### Exercise brief
Under this line is a listing; return exactly the lines starting at the one with "frihome - alice dresser ad (antique).jpg" and running down to the one with "Scared of online", and leave out its pictures.

___ Data

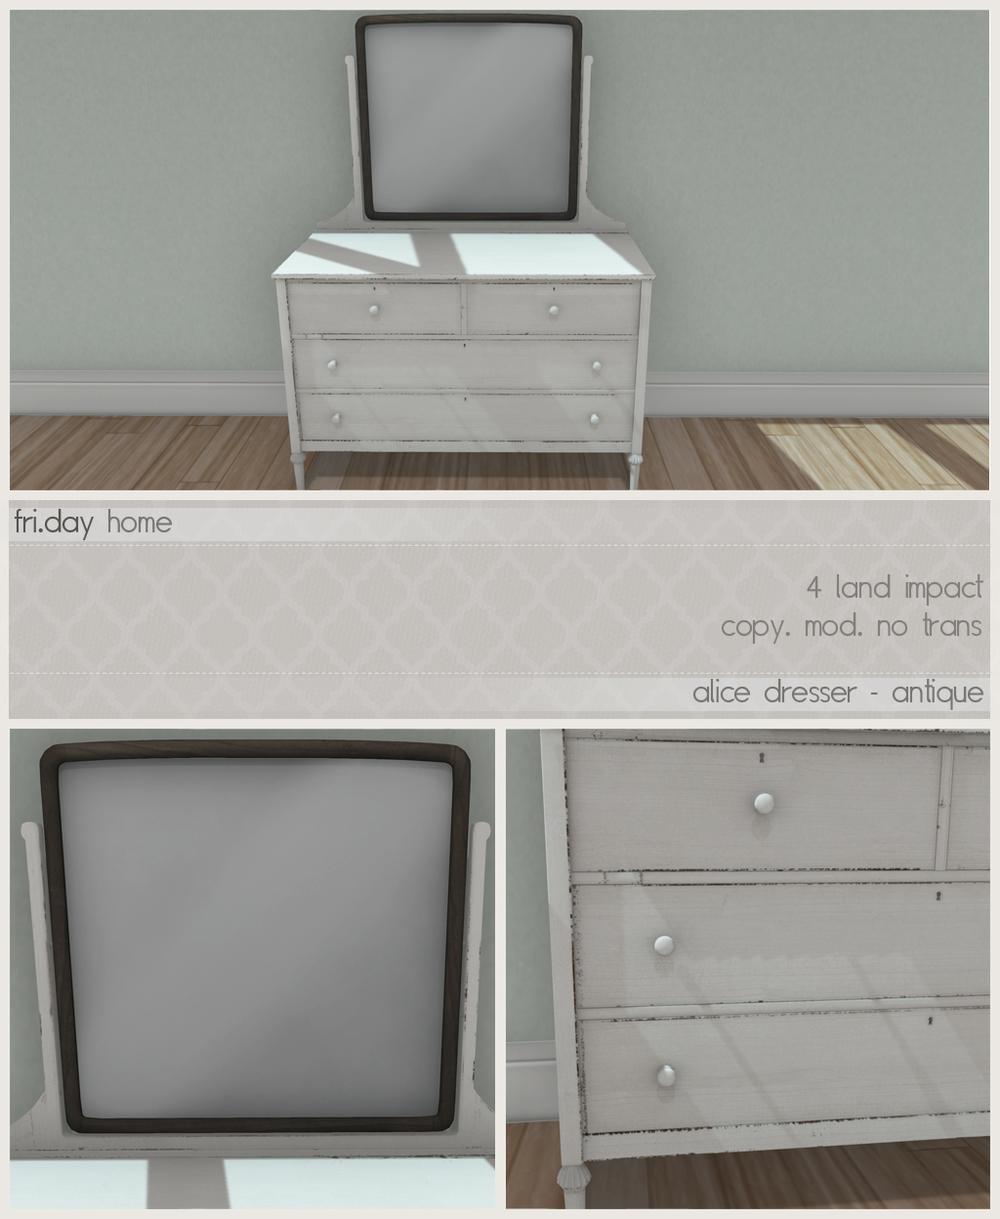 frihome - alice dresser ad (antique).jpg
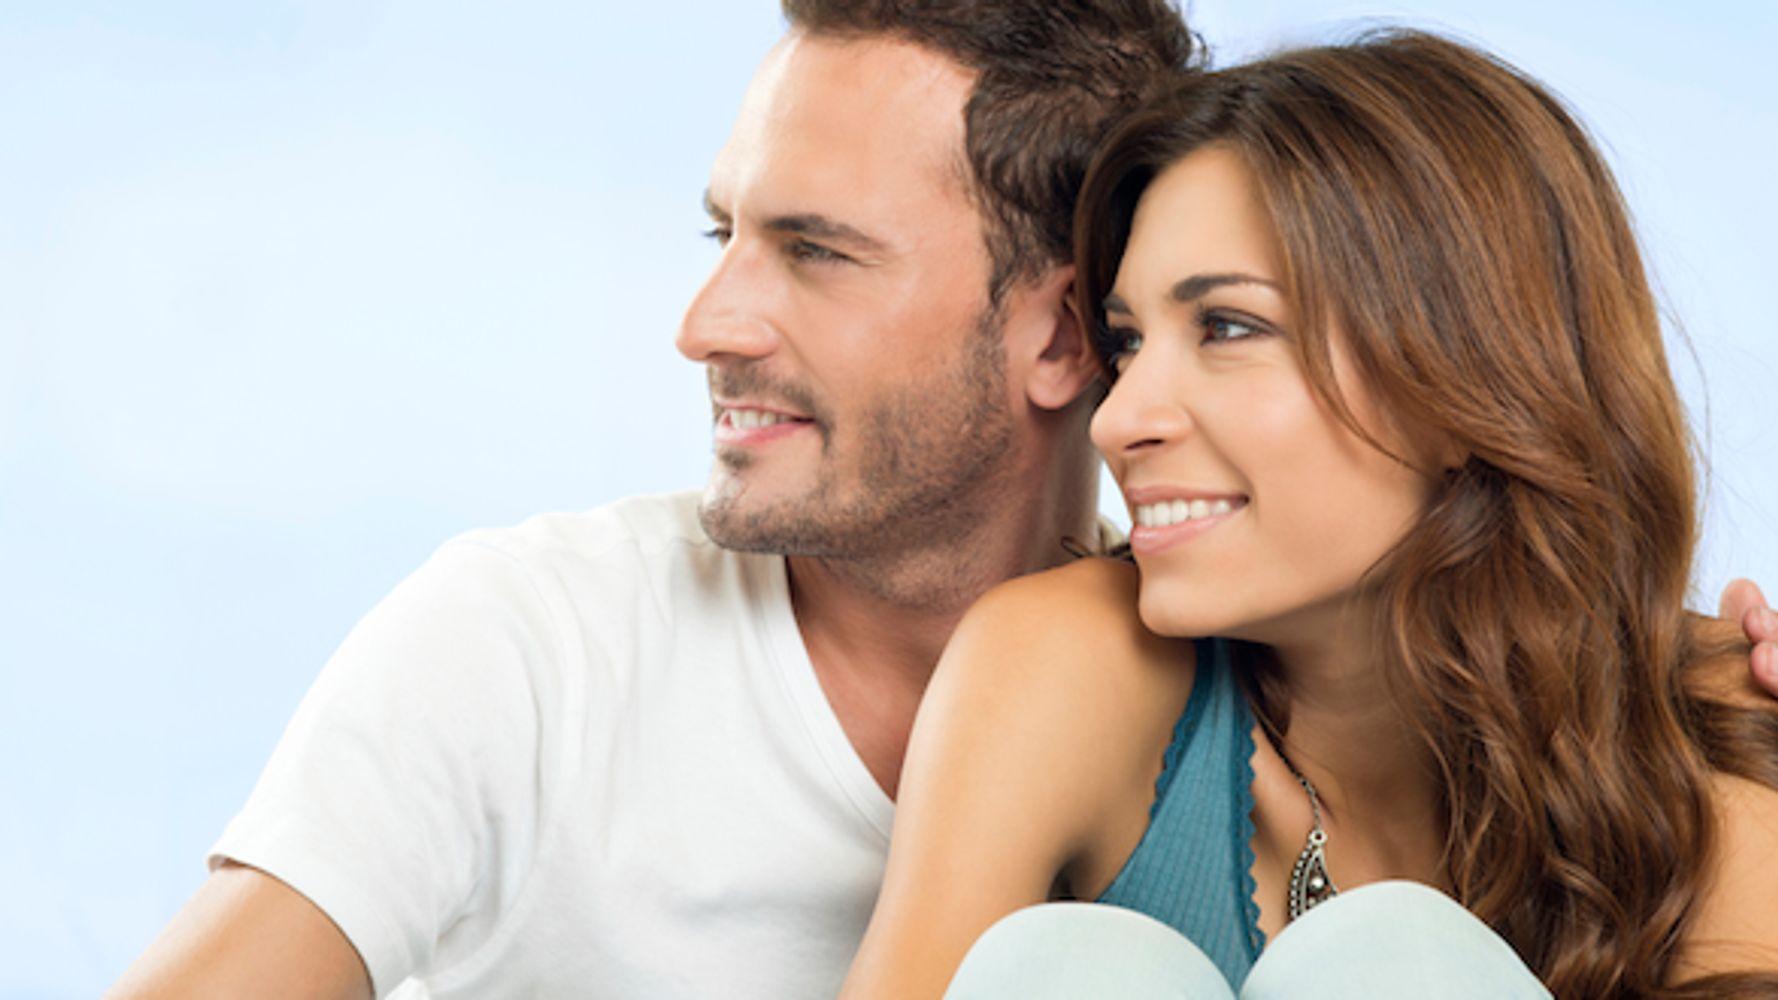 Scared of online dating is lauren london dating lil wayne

______
___ Data

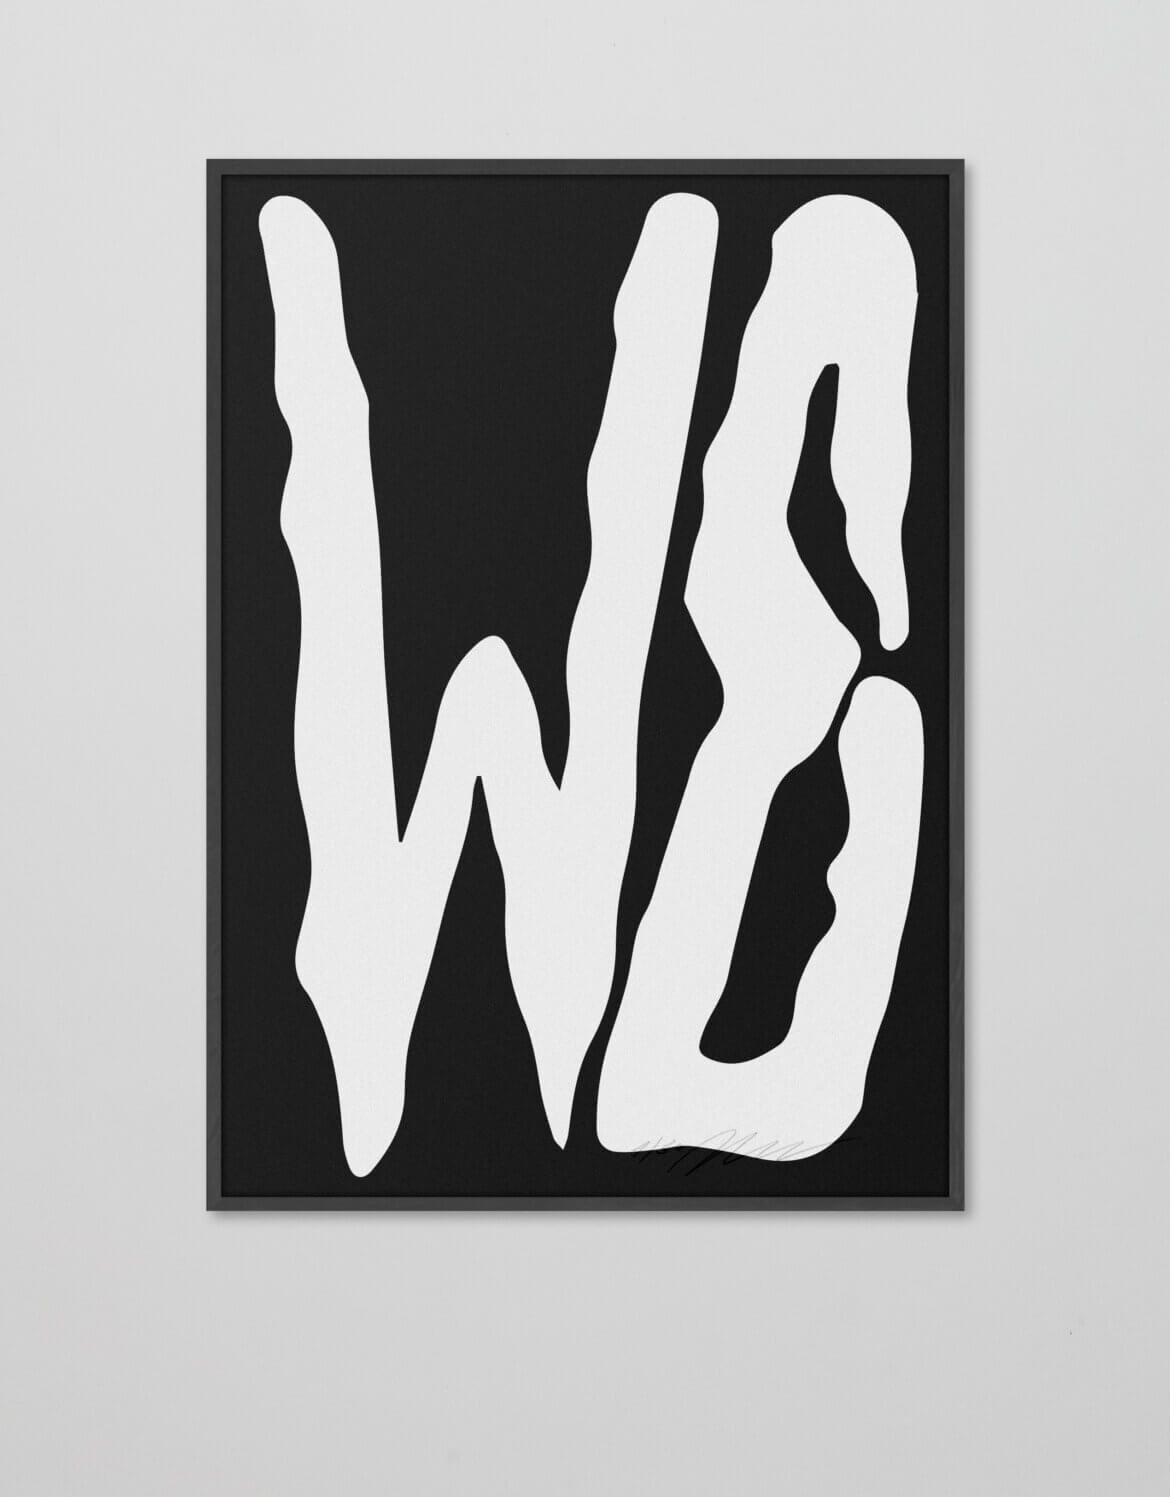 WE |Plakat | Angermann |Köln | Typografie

______

### Output below
 frihome - alice dresser ad (antique).jpg
 Scared of online dating is lauren london dating lil wayne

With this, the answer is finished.